The Company has a research, development and commercialization agreement that was originally entered into in 2004 with Cystic Fibrosis Foundation (“CFF”), as successor in interest to the Cystic Fibrosis Foundation Therapeutics, Inc. This agreement was most recently amended in 2016 (the “2016 Amendment”). Pursuant to the agreement, as amended, the Company agreed to pay royalties ranging from low-single digits to mid-single digits on potential sales of certain compounds first synthesized and/or tested between March 1, 2014 and August 31, 2016, including VX-659 and VX-445, and tiered royalties ranging from single digits to sub-teens on any approved drugs first synthesized and/or tested during a research term on or before February 28, 2014, including KALYDECO (ivacaftor), ORKAMBI (lumacaftor in combination with ivacaftor) and SYMDEKO/SYMKEVI (tezacaftor in combination with ivacaftor). For combination products, such as ORKAMBI and SYMDEKO, sales are allocated equally to each of the active pharmaceutical ingredients in the combination product. There are no remaining commercial milestone payments payable by the Company to CFF pursuant to the agreement.

Pursuant to the 2016 Amendment, the Company received an upfront payment of $75.0 million and is receiving development funding from CFF of up to $6.0 million annually. The Company concluded that the upfront payment plus any future development funding represent a form of financing pursuant to ASC 730 and thus records the amounts as a liability on the condensed consolidated balance sheet, primarily reflected in “Long-term advance from collaborator.” The Company reduces this liability over the estimated royalty term of the agreement and reflects the reductions as an offset to “Cost of sales” and as “Interest expense.”

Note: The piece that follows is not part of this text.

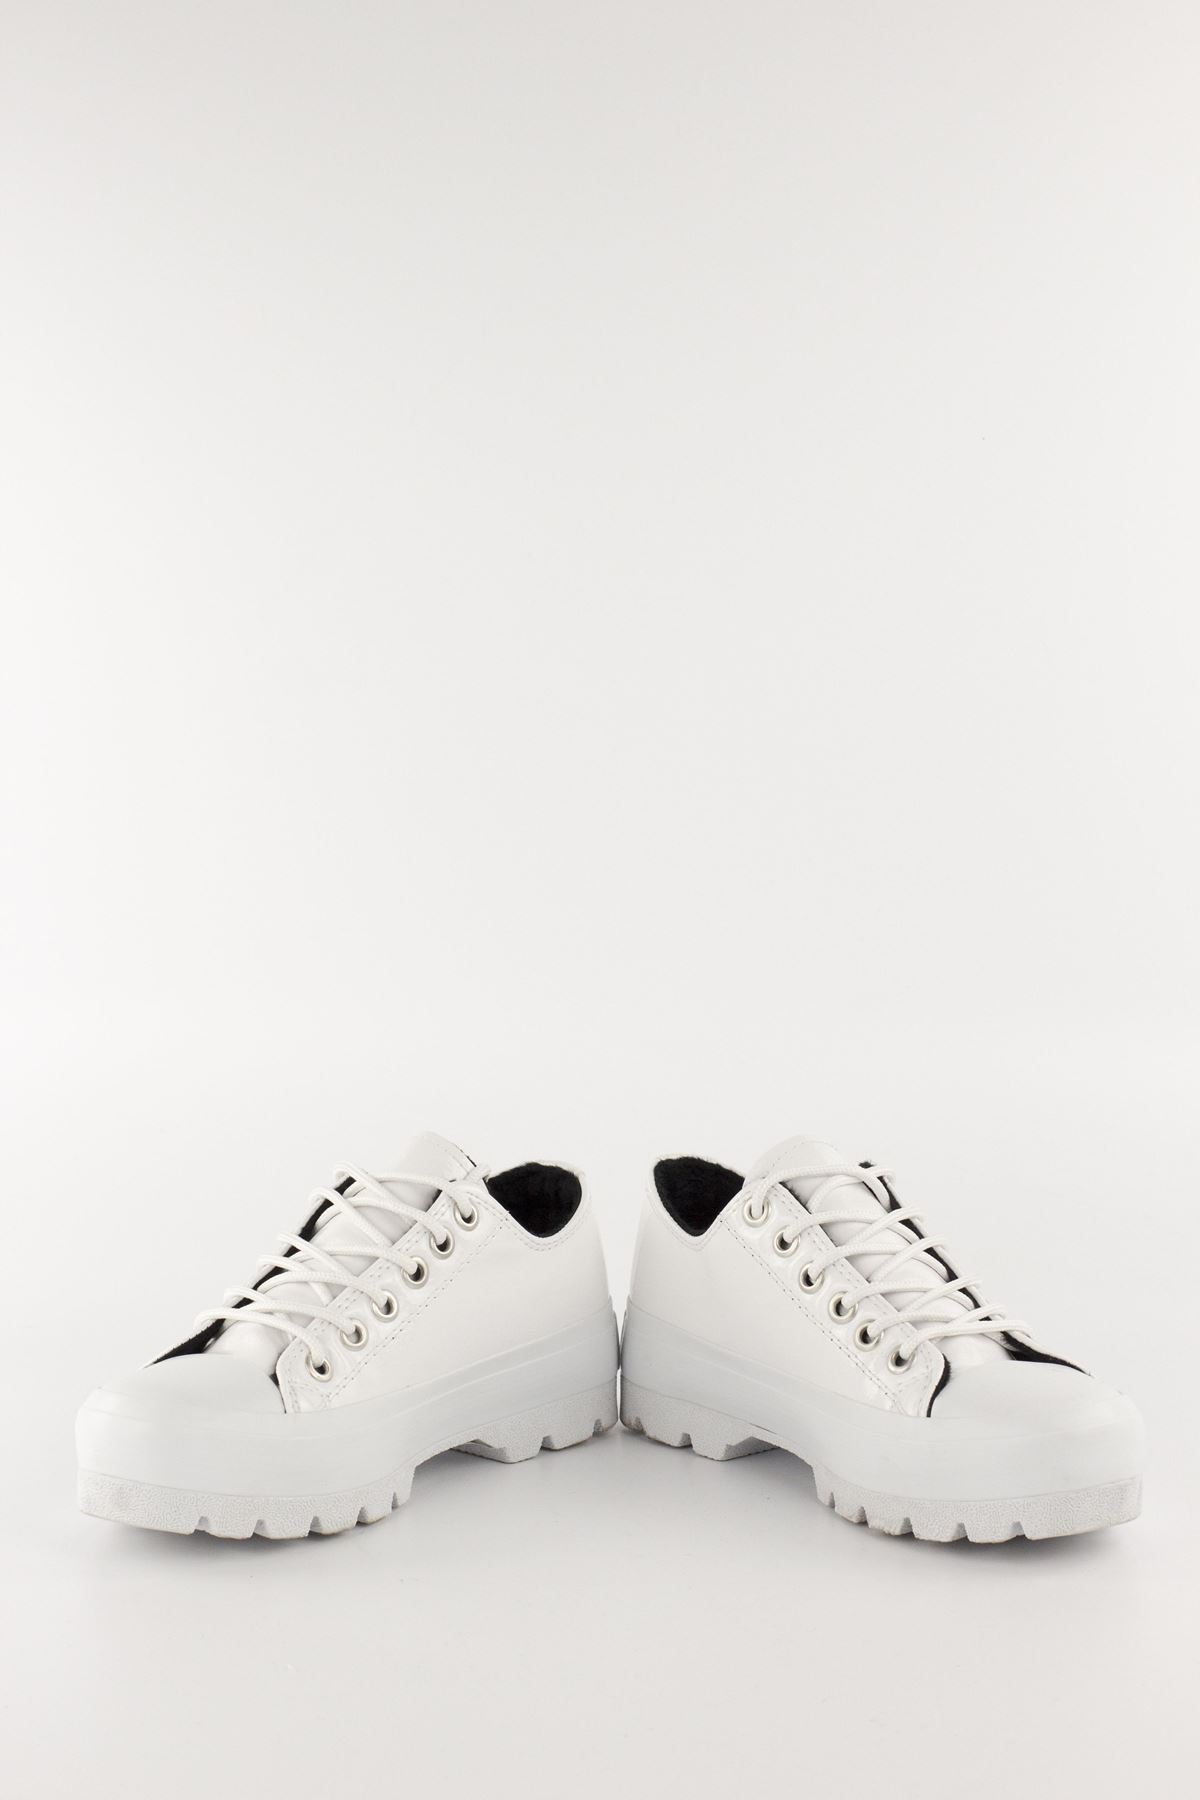 Mita Kadın Sneaker Beyaz Kırışık

The Company has royalty obligations to CFF for ivacaftor, lumacaftor and tezacaftor until the expiration of patents covering those compounds. The Company has patents in the United States and European Union covering the composition-of-matter of ivacaftor that expire in 2027 and 2025, respectively, subject to potential patent extension. The Company has patents in the United States and European Union covering the composition-of-matter of lumacaftor that expire in 2030 and 2026, respectively, subject to potential extension. The Company has patents in the United States and European Union covering the composition-of-matter of tezacaftor that expire in 2027 and 2028, respectively, subject to potential extension.